In rec level you got tons of people who hit a soft ball with no spin, but those are NOT considered drop shots. These balls lands at the service line or one foot behind the service line. You need to come up to no man's land to meet the low bouncing ball, and hit it over the net with spin to keep it in. They don't or can't hit with power and don't know how to hit a higher projectile (not moon balling) because they don't swing from low to high. And even if they do, they don't hit with any brushing at all. They just hit the ball over the net and it just die out because of lack of pace. If they hit any harder they will hit it out, or miss (shank). So they resolve to hitting these little chicken balls because without spin it is extremely hard to adjust your depth by power alone. Needless to they never get under the ball and never bend their knees.
When I was starting out I see tons of rec people I played doing these kind of shots. That's their safest way to keep the ball in but unfortunately this kind of stroke will never help them to improve. The next for them to hit deep is just lobbing with no spin.
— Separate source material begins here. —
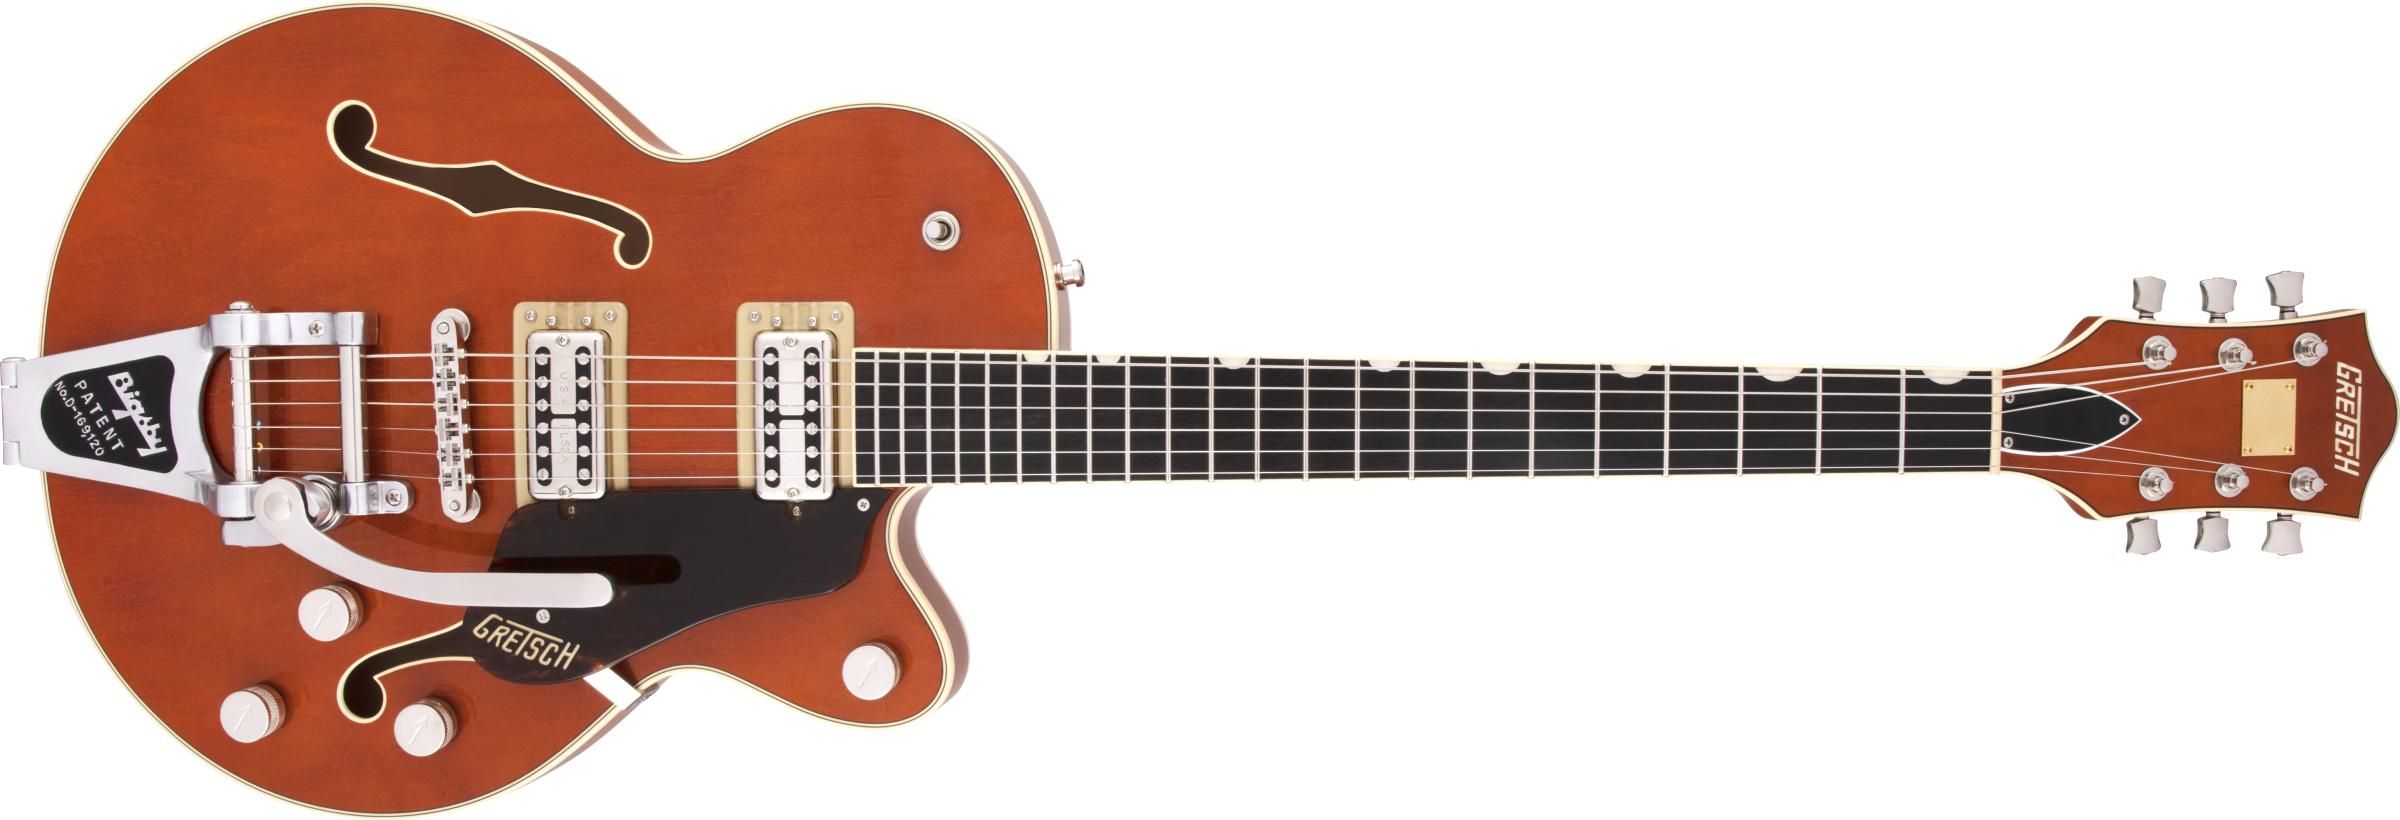 GRETSCH-G6659T-Players-Edition-Broadkaster-Jr-Center-Block-Single-Cut-with-String-Thru-Bigsby-USA-FullTron-Pickups-Ebony-Fingerboard-Roundup-Orange-sku-571004814

The story is not new. There are countless threads here about people not getting the results when they need to generate their own power AND controlling the ball at the same time. When hitting with a ball with pace, once you got used to it, you can just hit with a very light swing and redirect the ball back. In other words the hitting partner is doing all the heavy lifting.
A heavier racquet helps a lot blocking back shots with a lot of incoming pace. I have to add spin or use an abbreviated shot on flat balls with a lot of pace. I'll hit the back wall if I take a full cut on a hard, flat ball.
Yes, and when lower level player trying to use the heavy stick they forget it takes a full swing when they need to generate power and spin.
Exactly my point (from the opposite camp, of the flat hitters).
Well, that's a given. I was thinking that that was the default mode of the OP. Seems like he plays mostly baseline topspin players. It's good to play the flat hitters too who are most likely older.
And they probably wouldn't be able to keep the balls in play, that way.
Yes. Late hit is probably what happens before they can adjust. Not easy if they don't know they late hit.
It's not only the late hit but some beginners are not aware that if you "don't take a full cut/swing at the ball and you just baby your shots"( as a friend put it), the balls will sail long, due to lack of spin (side spin I guess, not as much top spin).
One needs a relaxed arm and high racket head speed and that's not easy to achieve- how many people even at club level know or are capable of ATP style FH with the arm lag and so forth?
If they can use a heavy stick and hit the ball long (and near the intent target), they are already half way there
Many don't understand the RHS concept, and cannot do a proper full swing, lack of prep, poor follow thru, and not hitting thru the ball. The lack of footwork also puts them out of position more, so forget about relaxing the swing. It's the whole package!!!
Seems to me, if the incoming ball is truly fast, usually low bouncing, and you have little time to prepare as normal, a very spinny reply is the best to implement.
The fast hitter has no time to come to net. Spinny balls are hard to volley. Spinny balls usually take the fast ball hitter out of his game plan.